The euro edged off a two-week low today but lacked momentum after a drubbing the previous day when weak German industrial data further dampened expectations for a near-term euro zone rate hike.
But with more Asian market players returning from Lunar New Year holidays, traders remained wary of more potential euro buying by Asian central banks after they helped push the euro higher yesterday.
Such speculation helped to lift the euro to $1.3623, up 0.3 per cent from late US levels and more than a full cent above a two-week low of $1.3508 hit yesterday.
Surprisingly weak German industrial orders data for December had triggered selling of the euro, although analysts said the soft figures partly reflected a strong reading in November.
But the single currency was holding above major supports, including $1.3535, which had been a key resistance level in late January and is its 100-day moving average, as well as $1.3480, a 38.2 per cent retracement of its January-February rally.
"I think the euro will be supported but it will need a dose of hawkishness from the European Central Bank to rise," said Koji Fukaya, chief FX strategist at Credit Suisse.
Last week, the euro started descending from a 12-week high of $1.3862 after European Central Bank president Jean-Claude Trichet doused expectations for an imminent rate increase, saying inflation would remain contained.
That was followed by an unexpected fall in the US jobless rate, which sparked a rise in US debt yields, further helping the dollar against the euro.
The 10-year US yield broke above a trading range that had been in place since early December and US money markets have started to price in some chance of a US rate hike later this year.
Still, traders are reluctant to buy the dollar aggressively after Federal Reserve chairman Ben Bernanke said last week that the US economy still needs the Fed's help - a stance many traders expect him to repeat when he speaks tomorrow.
"The market seems to be in limbo.

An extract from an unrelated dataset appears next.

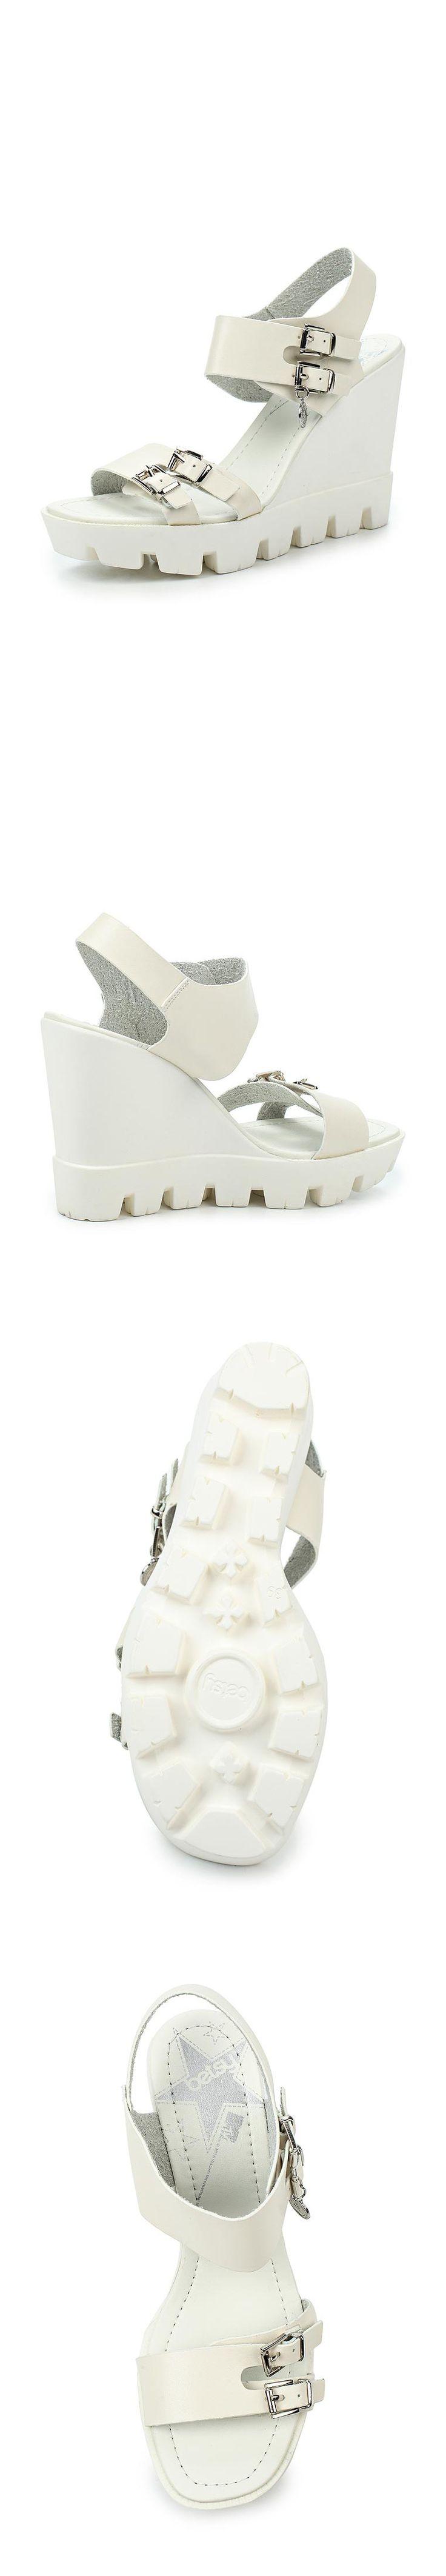 Женская обувь босоножки Betsy за 2690.00 руб.
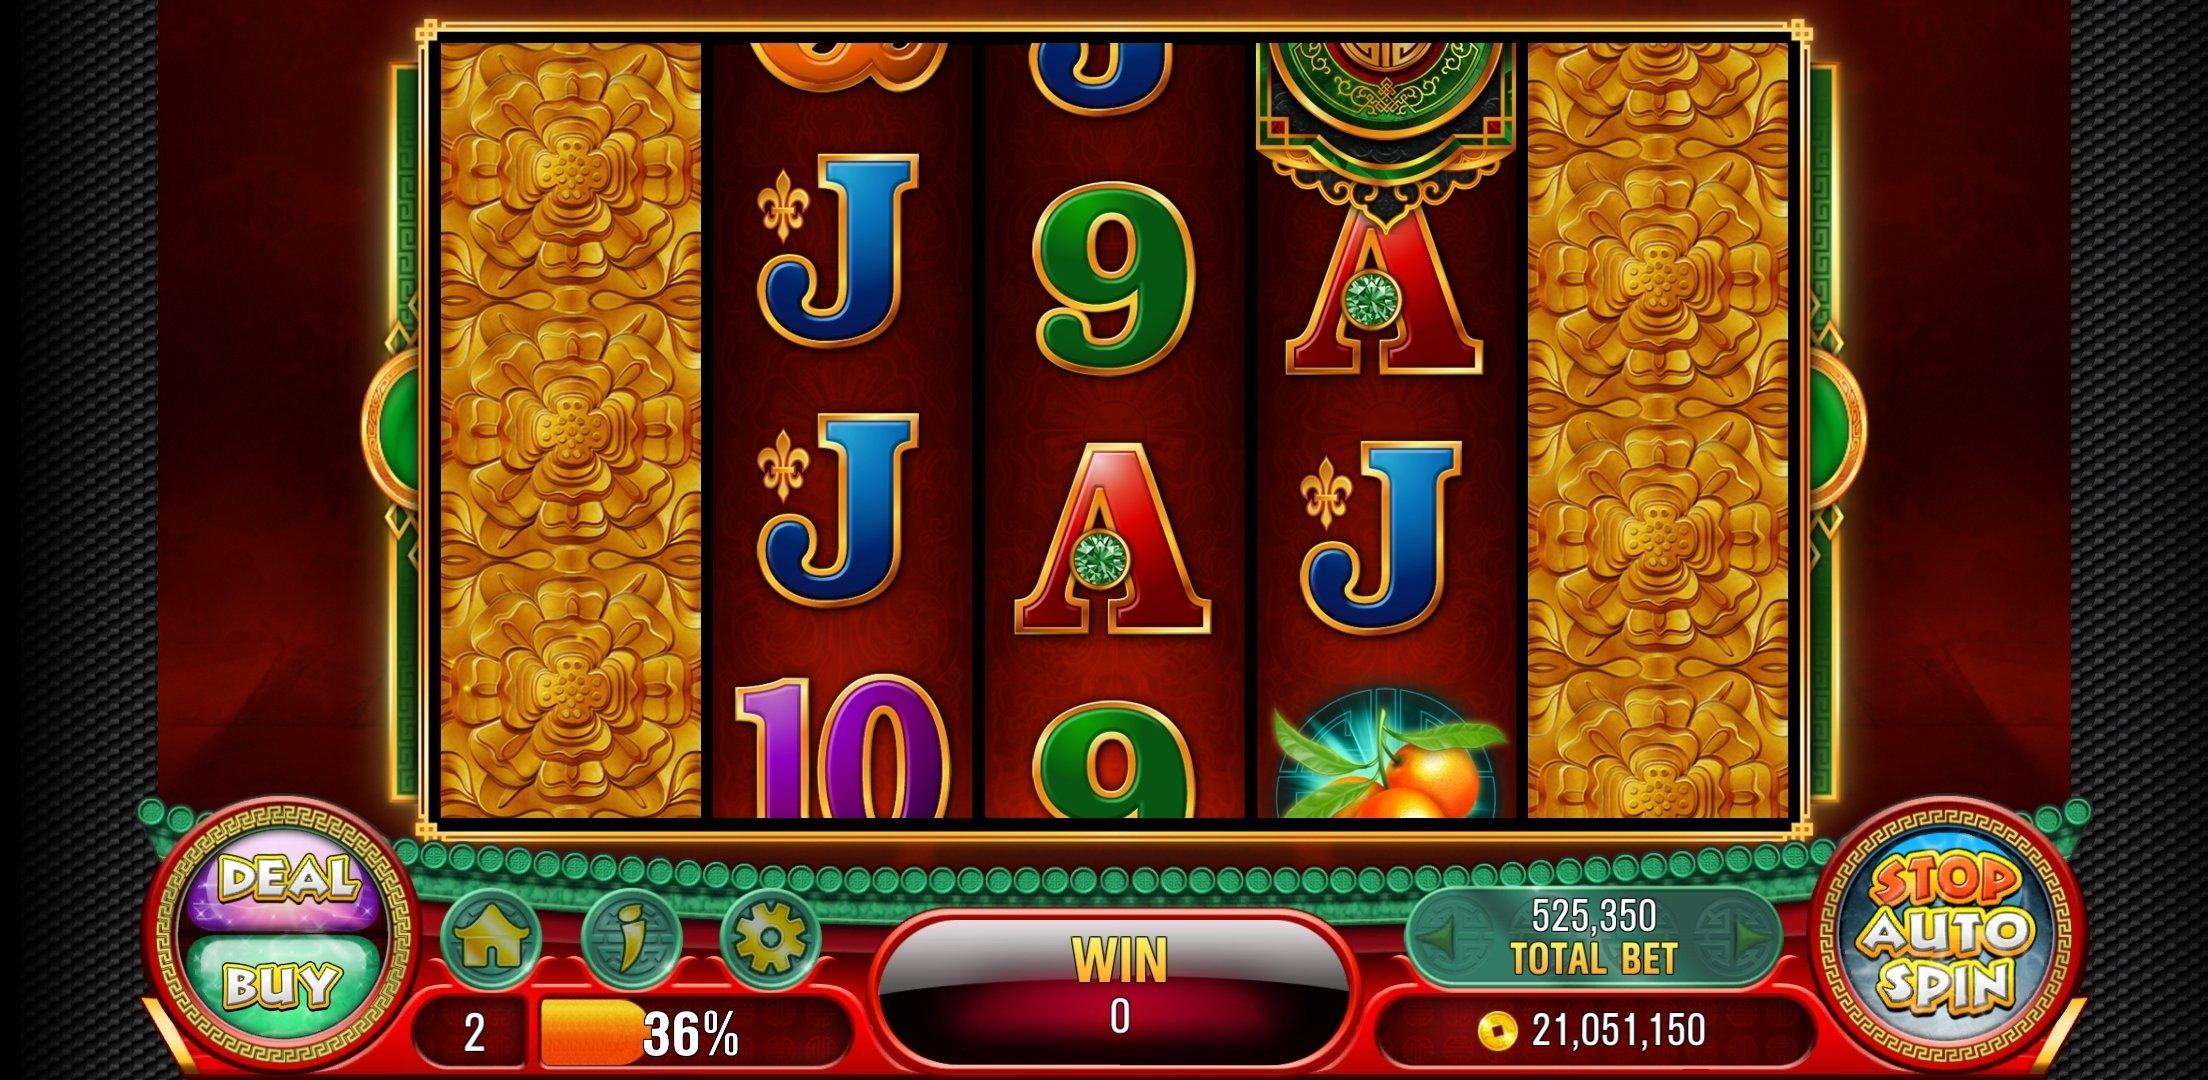 Игровые автоматы скачать для с 7 00 секс рулетка чат бесплатно без регистрации онлайн

I don't think Bernanke's comments will change that," said a trader at a Japanese brokerage.
One currency that is benefiting from expectations of an early rate hike is the British pound, as chances of an early rate hike still smouldered ahead of the Bank of England's policy announcement on Thursday.
The pound ticked up 0.2 percent in Asian trade to $1.6143, about 0.8 percent below a three-month high of $1.6279 hit last week.
Financial markets are expecting a BoE rate hike by May, with a small chance of a hike this week priced in, but analysts' expectations are quite different with many not expecting one until the end of the year.
"As European currencies had been riding on rate hike hopes, the BoE's policy meeting will be important not just for sterling but also for the general outlook of the dollar," said Hideaki Inoue, a manager at Mitsubishi Trust and Banking.
The dollar was in a holding pattern against the yen, little moved at 82.30 yen and capped by selling by Japanese exporters at 82.50 yen and above.
While a rise in US bond yields in theory supports the dollar, buying by Japanese investors seems limited in the near term, some market players said.
"Yen-selling by Japanese mutual funds has been dwindling, while many institutional investors do not want to take risks ahead of their book-closings in March," said Credit Suisse's Fukaya.
Market players also said the dollar/yen tends to be capped by repatriation by Japanese investors and companies ahead of their financial year-end in March. Such flows have helped the yen rise in February for four of the last five years.